══ DATA SECTION ══
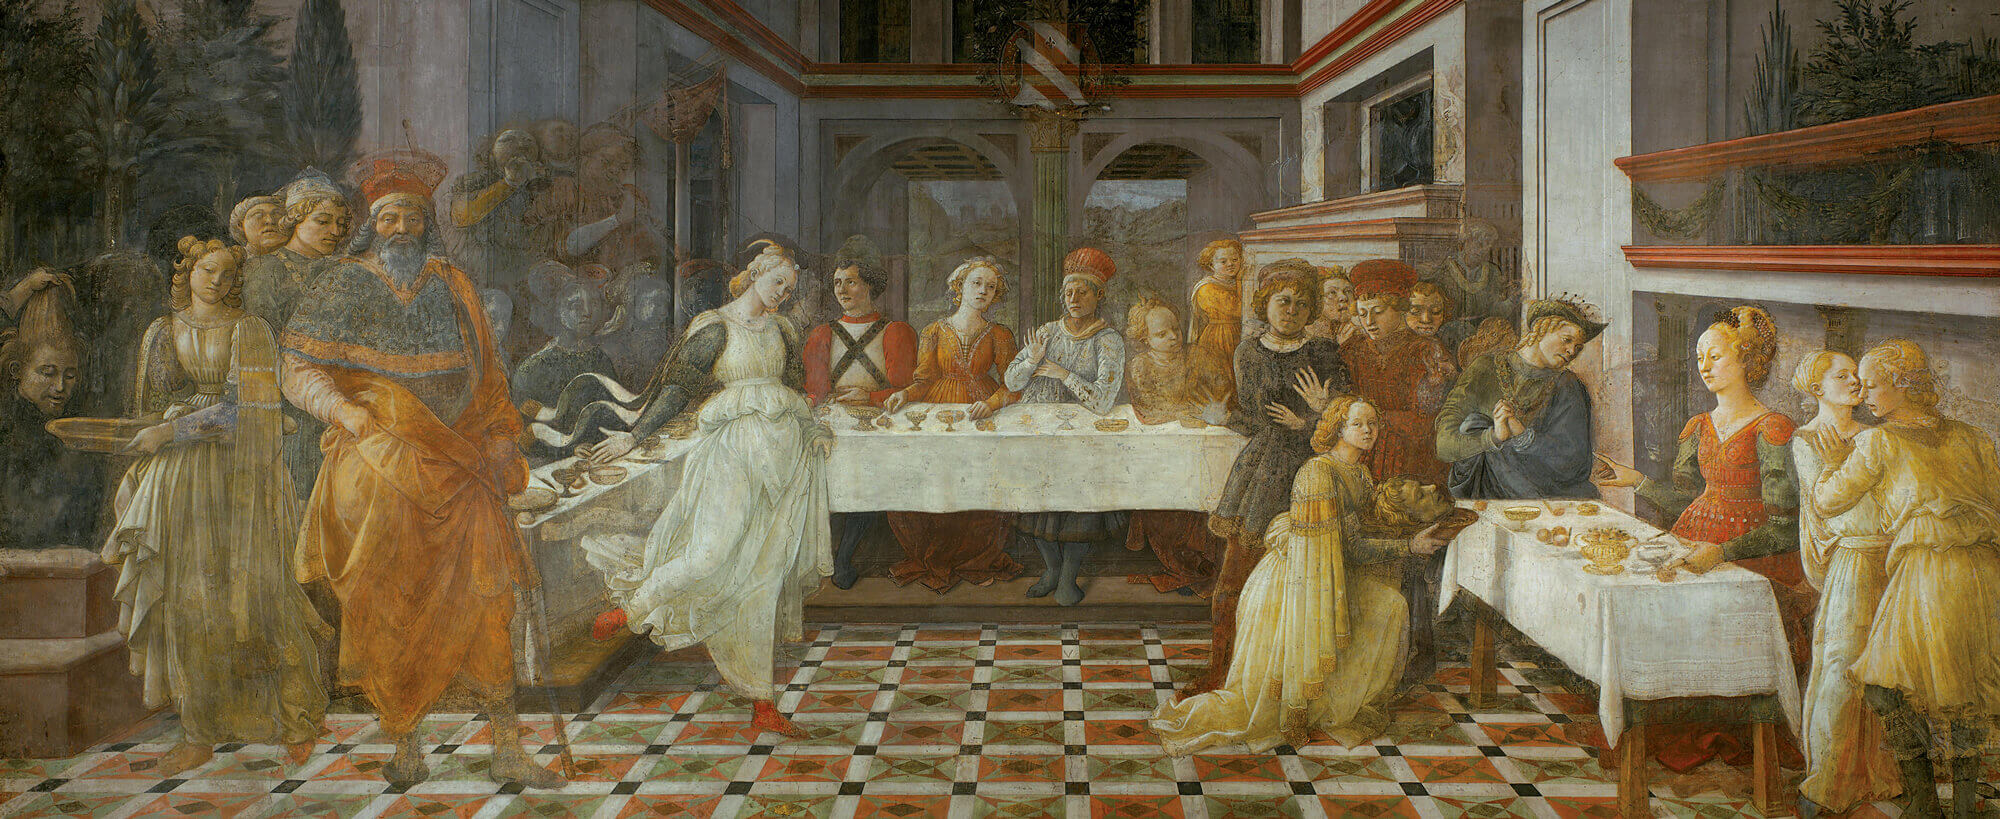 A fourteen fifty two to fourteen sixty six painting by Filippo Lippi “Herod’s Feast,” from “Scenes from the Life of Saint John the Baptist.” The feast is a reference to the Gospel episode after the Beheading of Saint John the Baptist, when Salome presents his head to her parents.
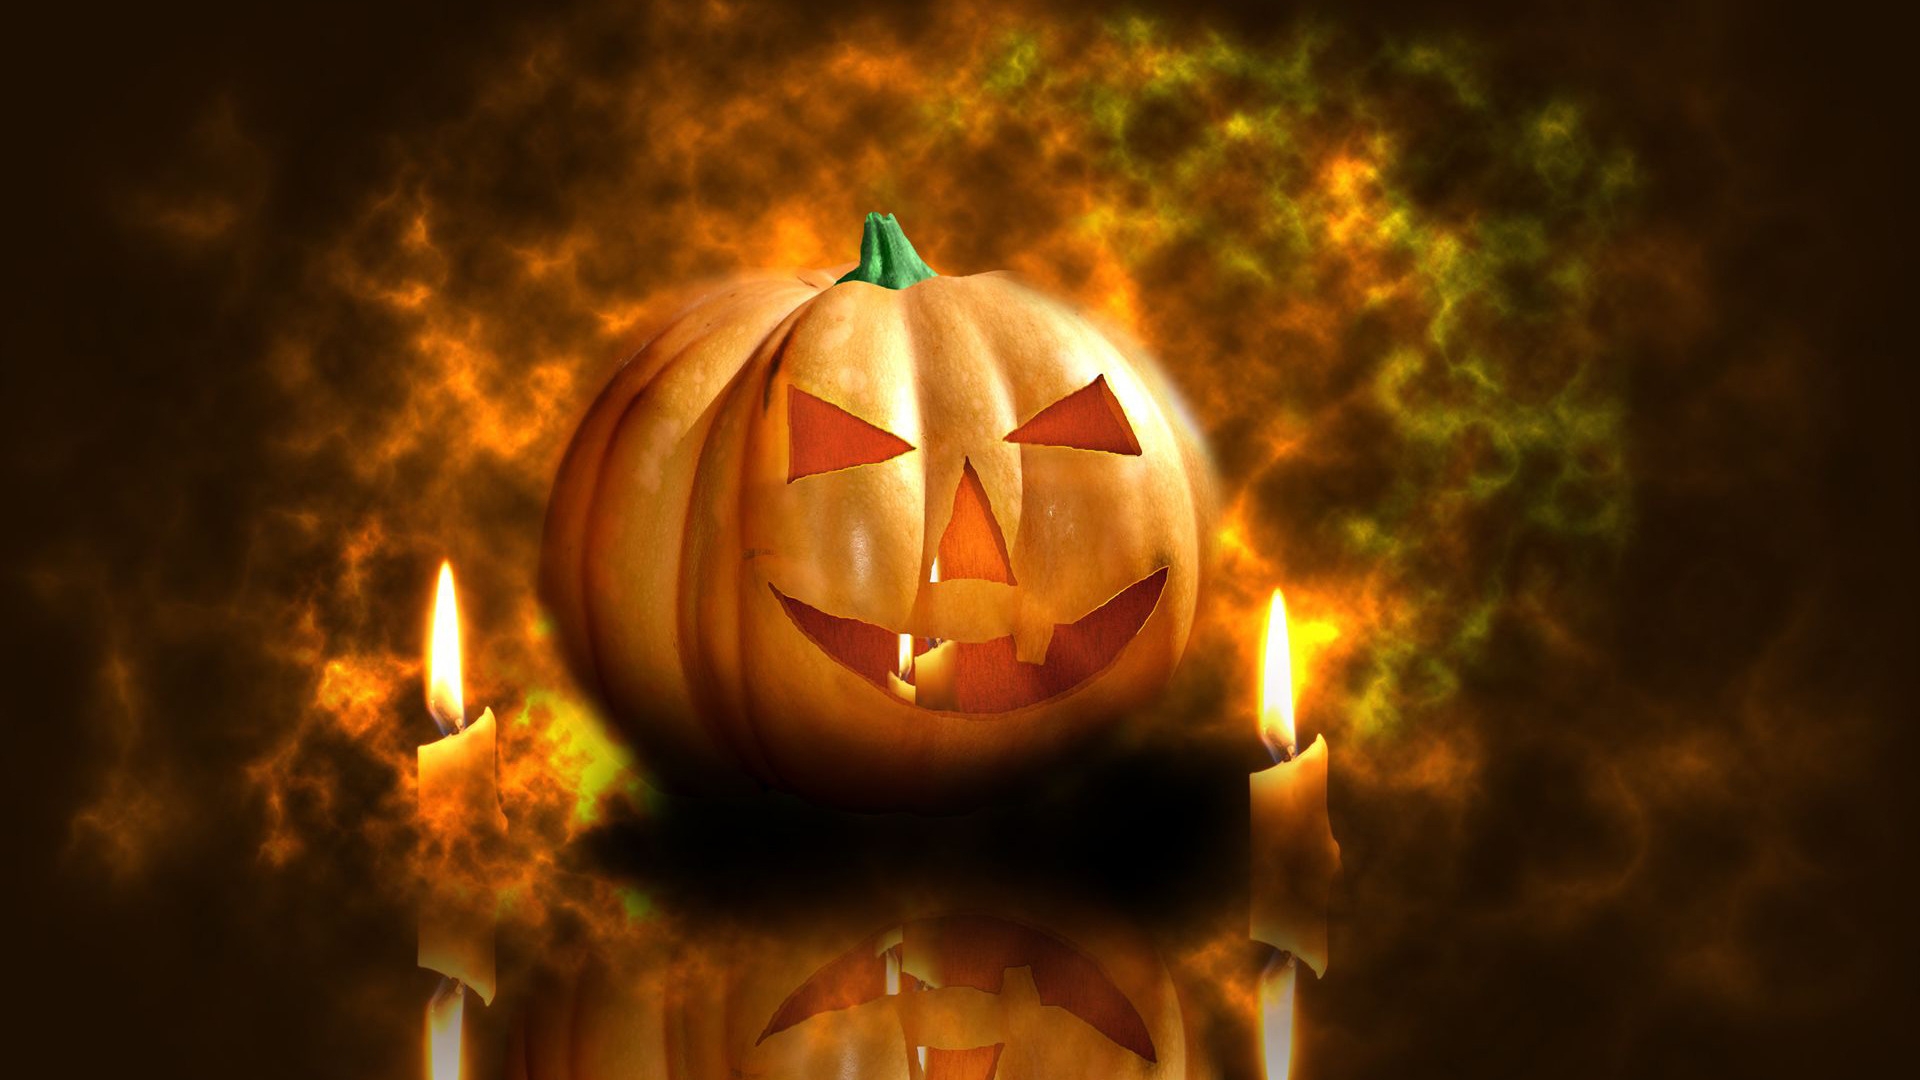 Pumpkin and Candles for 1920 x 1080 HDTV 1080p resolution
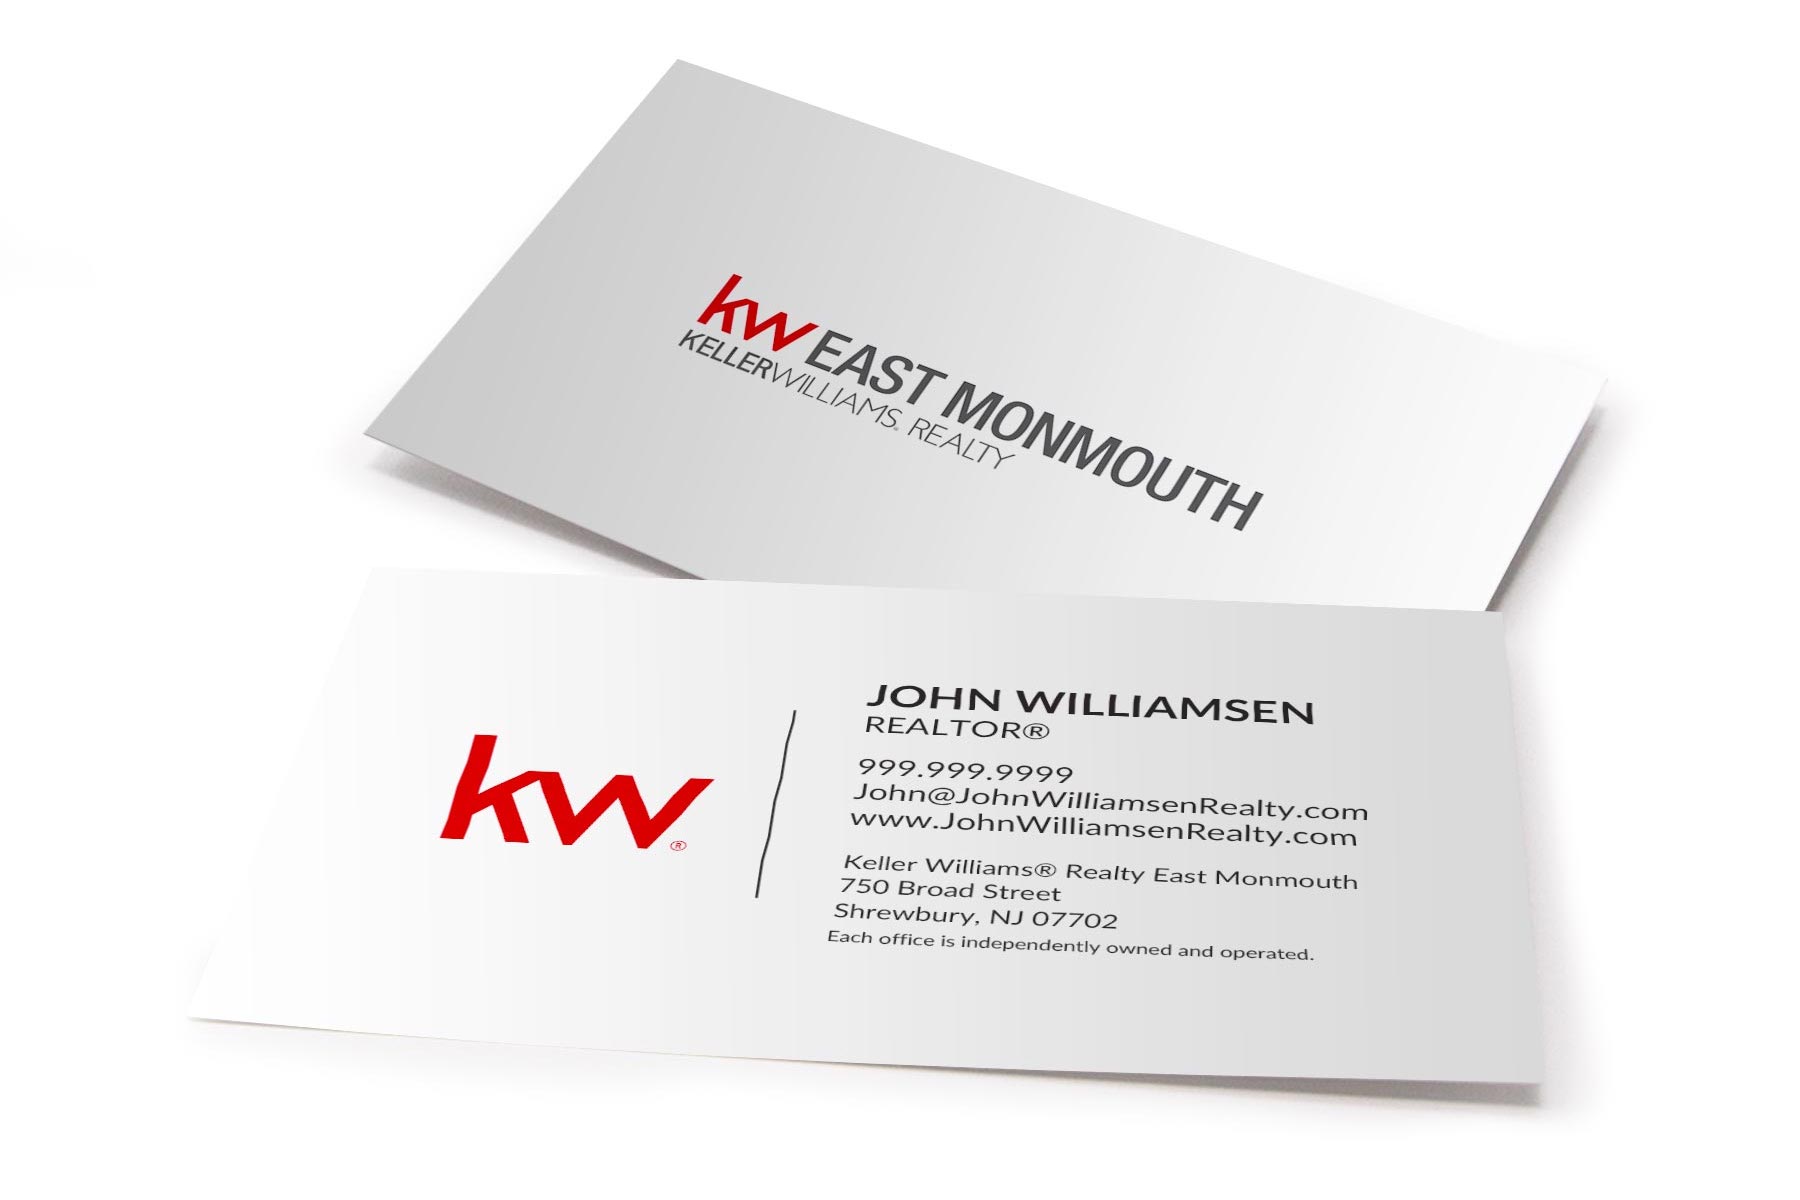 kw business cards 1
═══
## EXERCISE DETAILS
Reproduce the data above verbatim, minus any images.

## PROBLEM SOLUTION
 A fourteen fifty two to fourteen sixty six painting by Filippo Lippi “Herod’s Feast,” from “Scenes from the Life of Saint John the Baptist.” The feast is a reference to the Gospel episode after the Beheading of Saint John the Baptist, when Salome presents his head to her parents.
 Pumpkin and Candles for 1920 x 1080 HDTV 1080p resolution
 kw business cards 1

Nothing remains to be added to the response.